Franky,
If you have to move such number of hosts at production I would
recommend you to learn CloudMonkey and have to set-up development environment
first. There you can develop migration strategy and execute test-cases for
re-partitioning the network. We all learn from experience and there will
always be better solution in the future. As I understand the issue is not
critical - everything works as expected, but you have some unpleasant
side-effects. So, be prepared - develop new network layout, test it at
development and execute the same at production. I see no other choice.
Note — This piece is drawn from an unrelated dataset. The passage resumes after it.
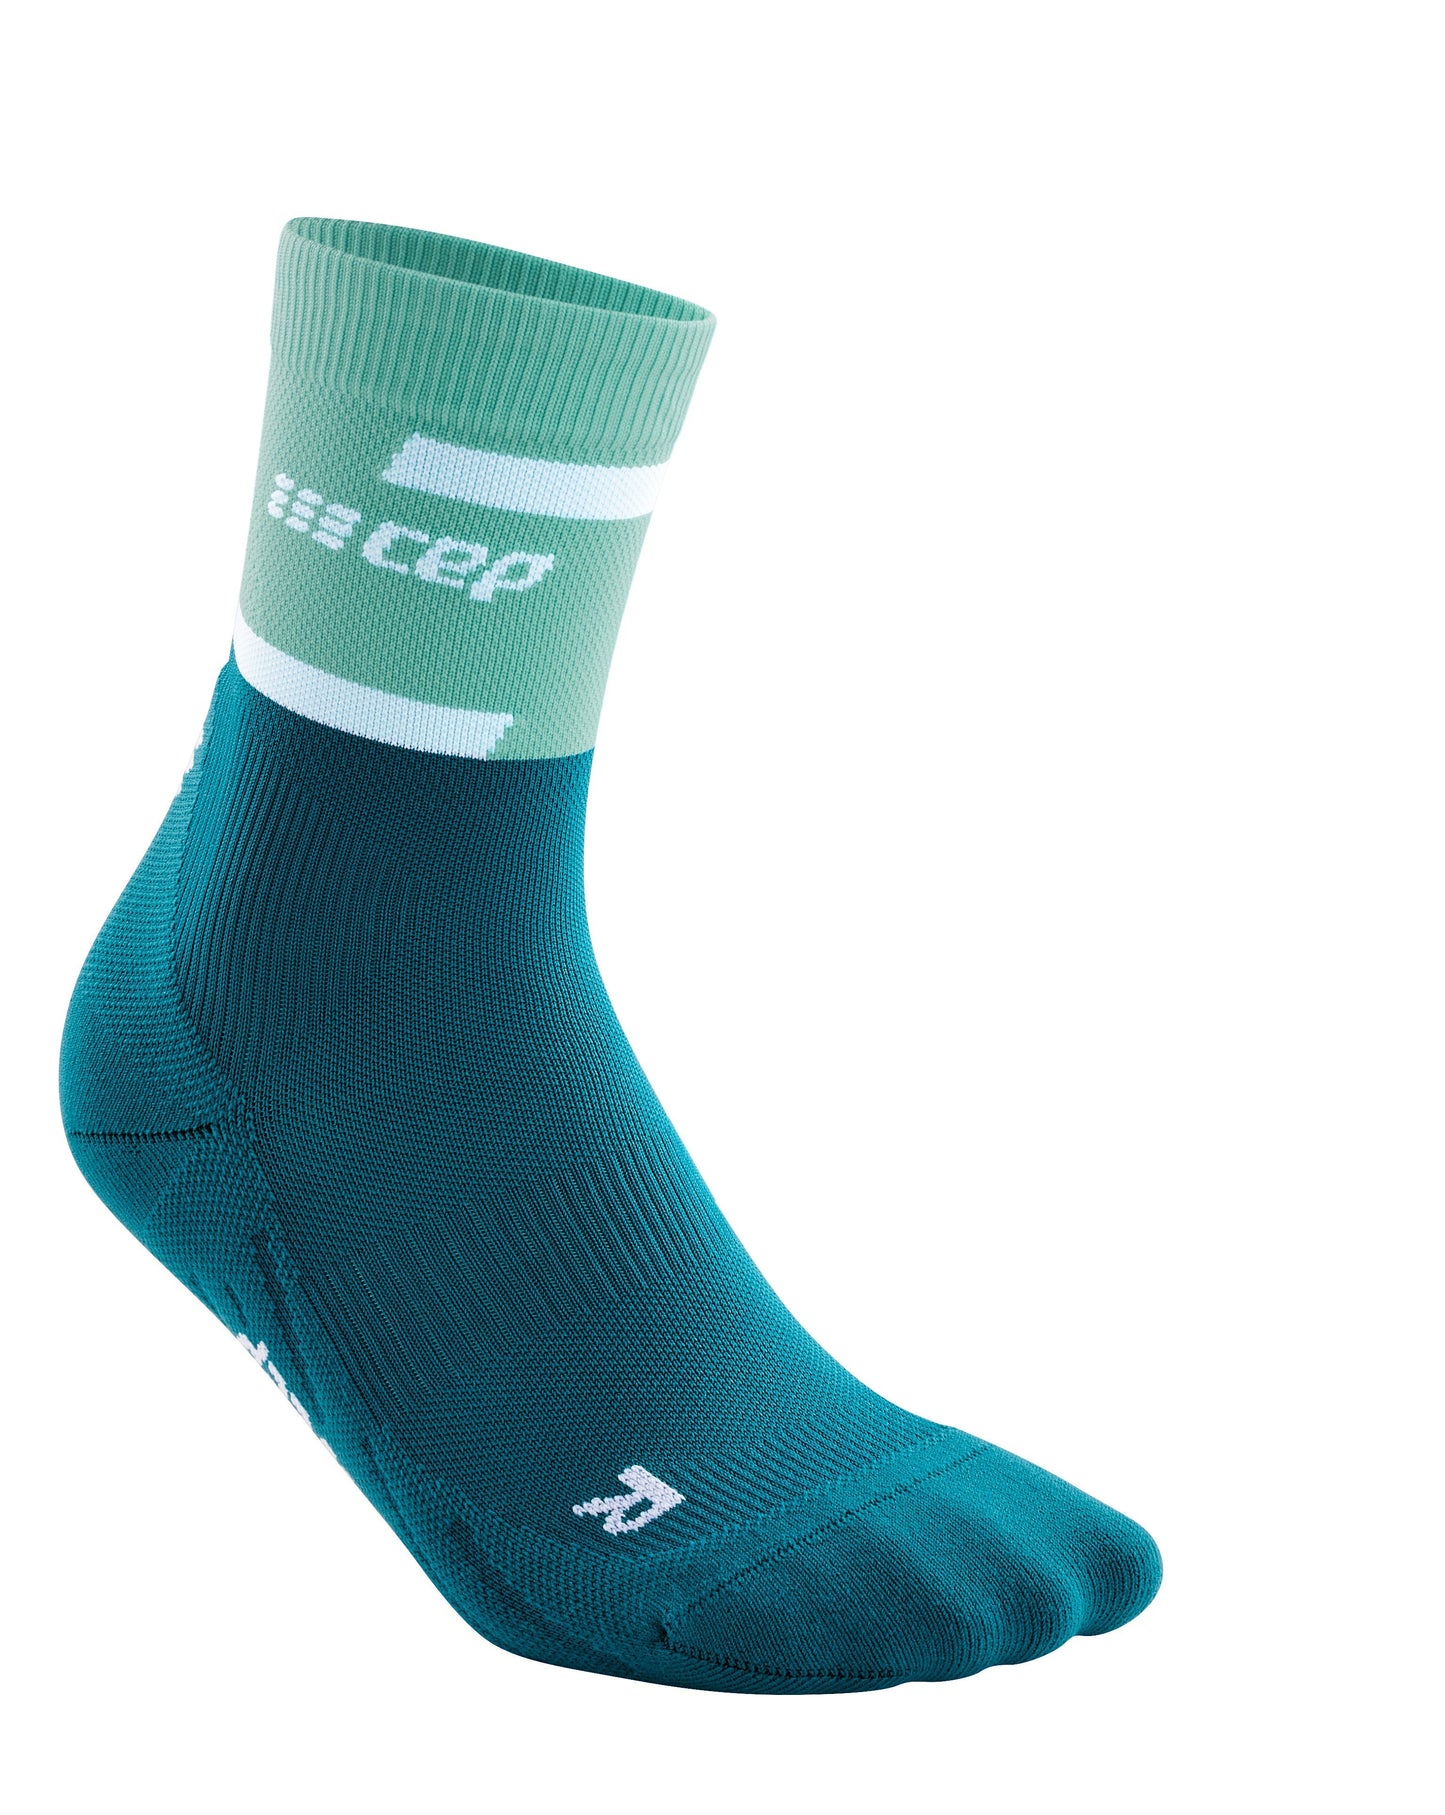 CEP Run Compression Socks Men's Mid Cut - Ocean / Petrol

Doing
changes at database level manually is probably the worst thing you may do.
Vadim.
-----Original Message-----
From: Daan Hoogland [mailto:[email protected]]
Sent: Friday, May 08, 2015 10:45 AM
To: [email protected]
Subject: Re: How to reserve IPs
dirty trick: spin up vms, login, disable startup scripts/remove kernel, brang
them down and leave them there to rot. The ip will never be used in cs again.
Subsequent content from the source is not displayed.